MySpace — The King of Social Media, Sold for a Fifteenth of Its Price

Lifespan
2003–2011 · 8 yrs
Peak Users
~75.9M monthly US visitors (2008)
Killed By
Facebook (then News Corp mismanagement)
Status
Sold Off

Summary

MySpace was the most-visited website in America and the undisputed king of social media, and in June 2011 News Corporation sold it for roughly $35 million — about a fifteenth of what it had paid. Launched in 2003, MySpace let anyone build a loud, customizable profile, soundtrack it with music, and accumulate a public list of friends; by mid-2006 it had surpassed Yahoo Mail and Google Search to become the single most-visited site in the United States, and by late 2008 it drew around 75.9 million monthly US visitors. For three or four years it was where the internet socialized. Then Facebook arrived, did the same things faster and cleaner, and MySpace's empire dissolved with startling speed.

The financial story is the cautionary one. In 2005, near the top of the boom, Rupert Murdoch's News Corporation bought MySpace's parent, Intermix Media, for approximately $580 million, an acquisition hailed as Old Media's bold leap into the social future. Under corporate ownership MySpace was pushed hard to generate advertising revenue and starved of the engineering nimbleness it needed; its famously chaotic, customizable design curdled from a strength into a liability against Facebook's clean uniformity. Facebook passed MySpace in US visitors in May 2009, and the decline became a collapse. On June 29, 2011, News Corp offloaded MySpace to the ad network Specific Media — with Justin Timberlake taking a stake — for a reported $35 million, booking the failure as one of the most expensive acquisition write-downs of the social era.

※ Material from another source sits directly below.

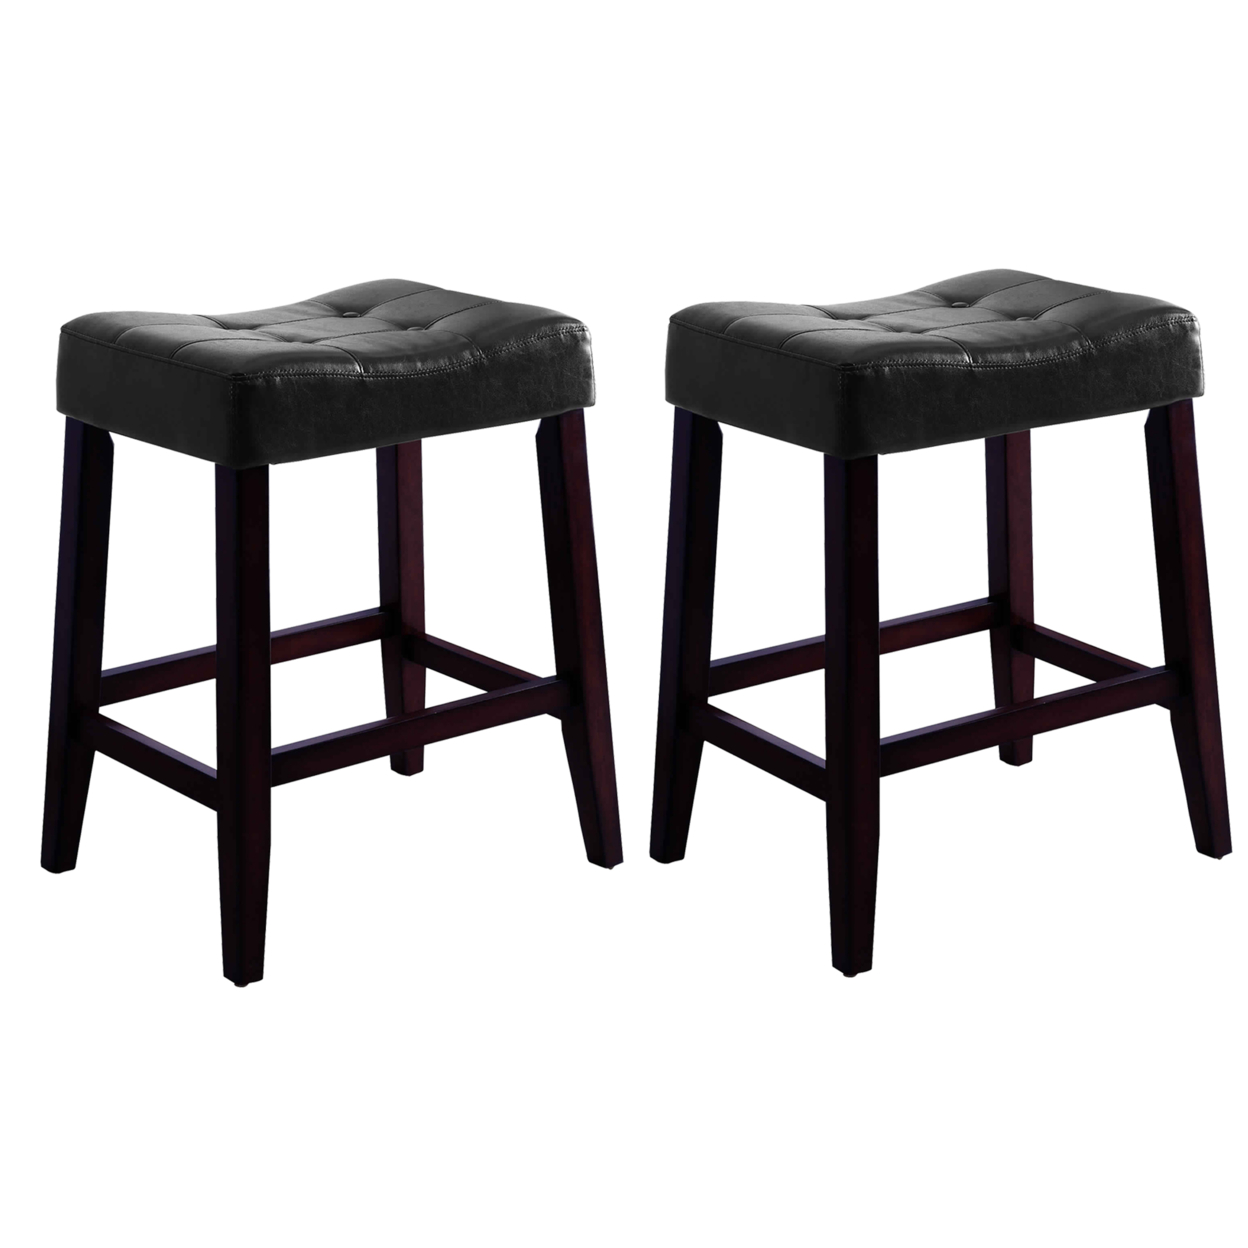 Wooden Stools With Saddle Seat And Button Tufts, Set Of 2, Black And Brown- Saltoro Sherpi

That fire-sale is the death this file records: the moment the dominant social network of its era was sold for pennies on the dollar, its reign over and its relevance gone. But MySpace's most painful chapter came years after the sale. In March 2019, the much-diminished site admitted that a botched server migration had destroyed roughly 50 million songs uploaded by some 14 million artists between 2003 and 2015 — twelve years of music, photos, and video, much of it the only copy that ever existed.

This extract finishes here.